SVM之Python實現


SVM Python實現

Python實現SVM的理論知識

  • SVM原始最優化問題:

\[min_{w,b,\xi}{1\over{2}}{||w||}^2 + C\sum_{i=1}^m\xi^{(i)} \]

\[s.t. \ \ y^{(i)}(w^{T}x^{(i)} + b), i=1,2,...,m \\ \xi^{(i)} \ge 0, i=1,2,...m \]

  • 原始問題轉為對偶問題

\[min_{\alpha}{1\over{2}}\sum_{i=1}^m\sum_{j=1}^{m}\alpha^{(i)}\alpha^{(j)}y^{(i)}y^{(j)}K(x^{(i)},x^{(j)})-\sum_{i=1}^m\alpha^{(i)} \]

\[s.t. \ \ \sum_{i=1}^m\alpha^{(i)}y^{(i)}=0 \\ 0 \le \alpha^{(i)} \le C, i=1,2,...,m \]

  • 對於第2點, 設\(\alpha^*=(\alpha^*_{1},\alpha^*_{2}, ..., \alpha^*_{m})\), 若存在\(\alpha^*\)的一個分量\(\alpha*_{j}, 0 \lt \alpha^*_{j} \lt C\), 則原始問題的解\(w^*,b^*\)

\[w^* = \sum_{i=1}^m\alpha^*_{i}y^{(i)}x^{(i)} \\ b^* = y^{(j)} - \sum_{i=1}^my^{(i)}\alpha^{(i)}K(x^{(i)}, x^{(j)}) \]

  • SMO算法中使用到的公式(公式用使用下標1和2不是指在樣本中的第1個樣本和第2個樣本, 而是指第1個參數和第2個參數, 在編程中我們使用i和j替代, i和j是在X輸入樣本中的樣本下標)
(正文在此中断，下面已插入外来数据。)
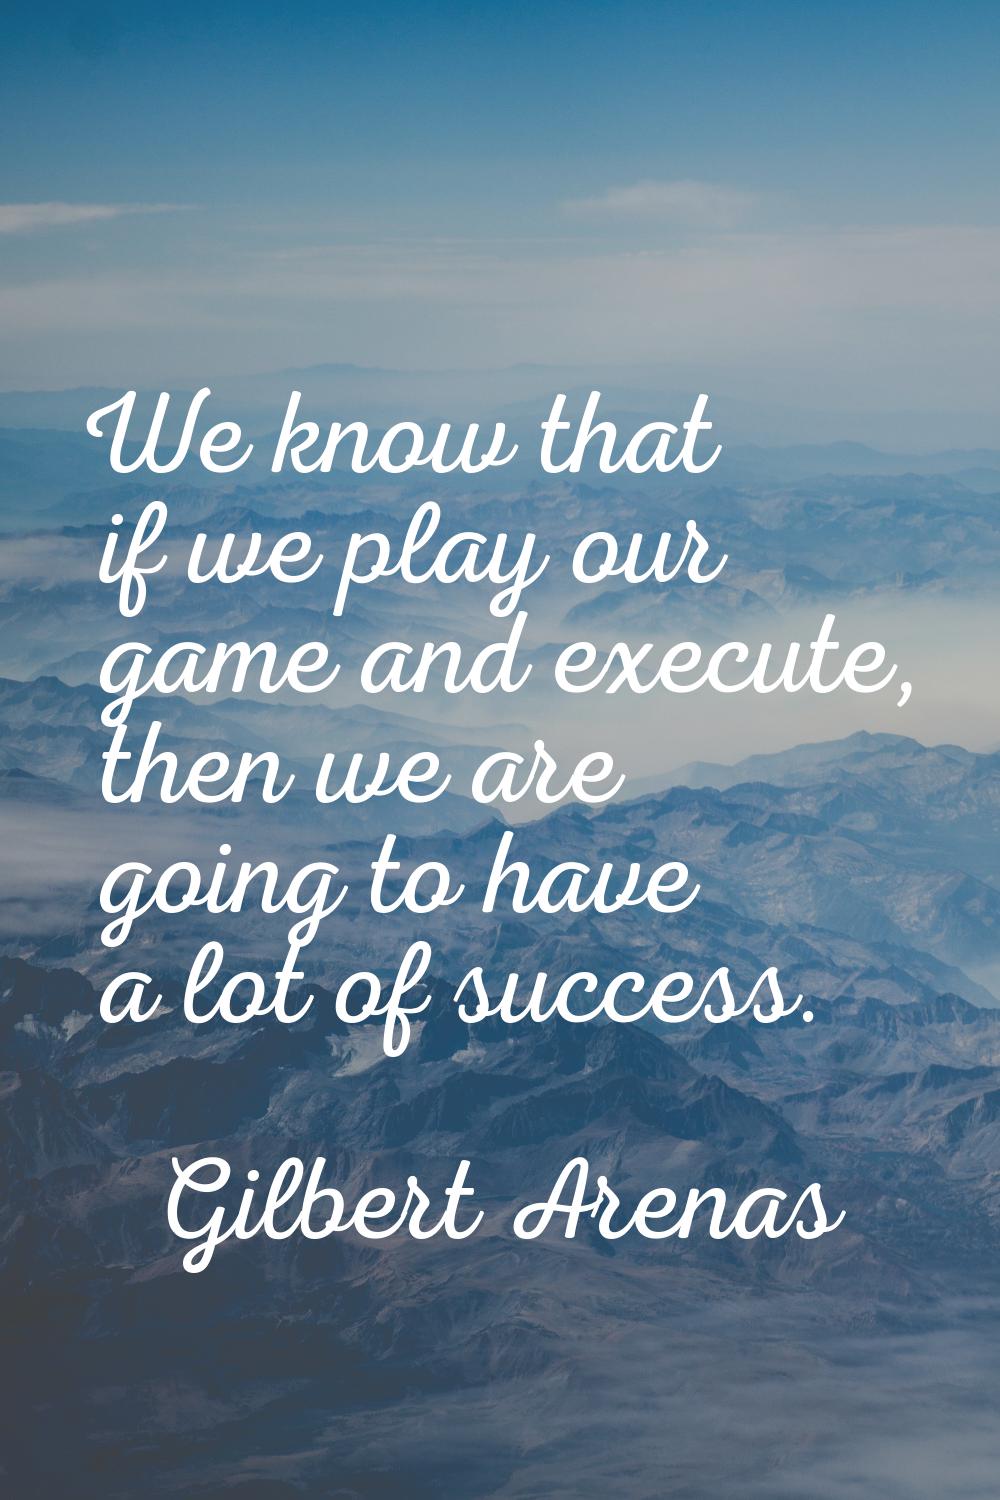 We know that if we play our game and execute, then we are going to have a lot of success.

    • 計算\(E^{(i)}\) -> 在calc_E函數中

    \[E^{(i)} = g(x^{(i)})-y^{(i)} \\ 其中g(x^{(i)}) = \sum_{i=1}^m\alpha^{(i)}y^{(i)}K(x^{(i)},x^{(j)}) + b \\ 所以E^{(i)} = (\sum_{i=1}^m\alpha^{(i)}y^{(i)}K(x^{(i)},x^{(j)}) + b) - y^{(i)} \ \ \ where \ \ i = 1,2 \]
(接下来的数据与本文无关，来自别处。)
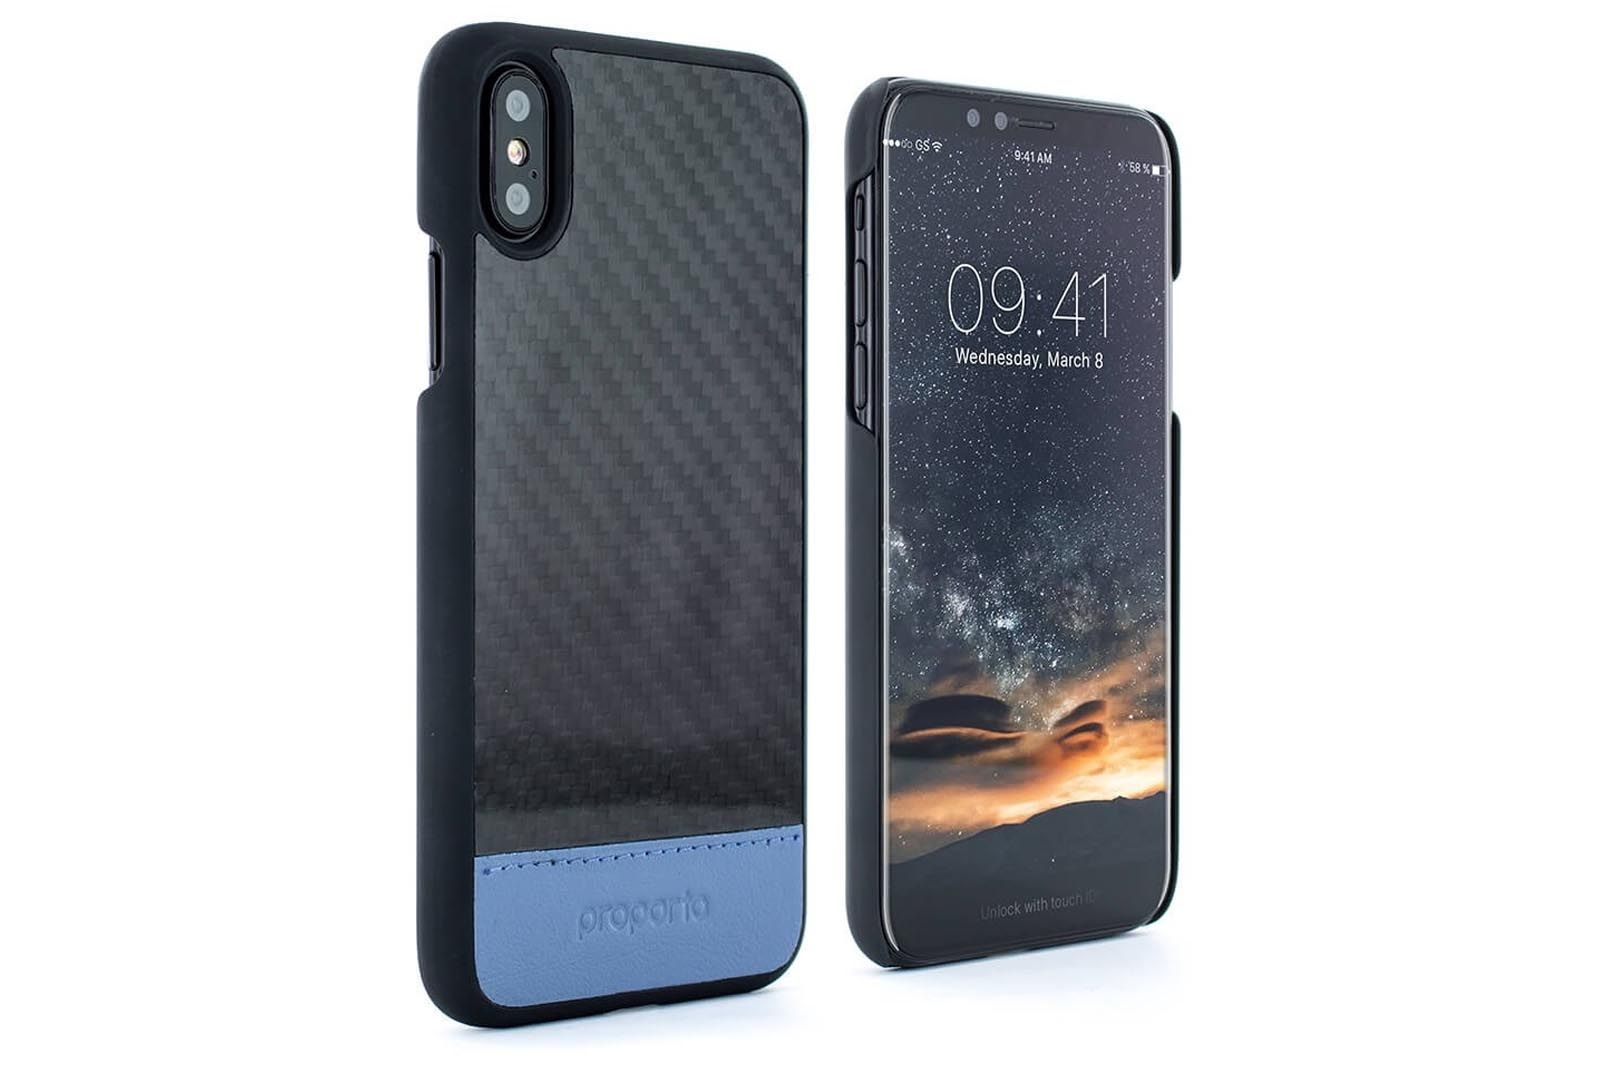 Best Iphone X Cases Protect Your New Apple Device image 12

    • 計算\(\alpha^{new,unc}_2\) -> 在iter函數中

    \[\alpha^{new,unc}_2 = \alpha^{old}_2 + {{y_2}(E^{(i)} - E^{(j)})\over{\eta}} \\ 其中\eta = K_{11} + K_{22} - 2K_{12} \\ 注意: K_{11}指的是在使用核函數映射之后的輸入樣本中的第i行與第j行樣本, \\ 同理K_{22}指的是在使用核函數映射之后的輸入樣本中的第i行與第j行樣本... \\ 注意: \eta不能為小於等於0, 如果出現這種情況, 則在迭代函數中直接返回0 \]

    • 裁剪\(\alpha^{new,unc}_1\) -> 在clip_alpha函數中

      • 如果\(y^{(1)}\ne y^{(2)}\)

        \[L=max(0,\alpha^{old}_2-\alpha^{old}_1) \\ H=min(C, C + \alpha^{old}_2 - \alpha^{old}_1) \]

      • 如果\(y^{(1)}=y^{(2)}\)

        \[L=max(0,\alpha^{old}_2+\alpha^{old}_1-C) \\ H=min(C, \alpha^{old}_2+\alpha^{old}_1) \]

      • 注意: 得到的L與H不能相同, 如果相同則直接返回0
      • 定義函數clip_alpha(alpha, L, H)
        
        def calc_alpha(alpha, L, H):
            if alpha > H:
                alpha = H
            elif alpha < L:
                alpha = L
            return alpha
        
      • 計算\(\alpha^{new}_1\)

      \[\alpha^{new}_1=\alpha^{old}_1+y^{(1)}y^{(2)}(\alpha^{old}_2-\alpha^{new}_2) \]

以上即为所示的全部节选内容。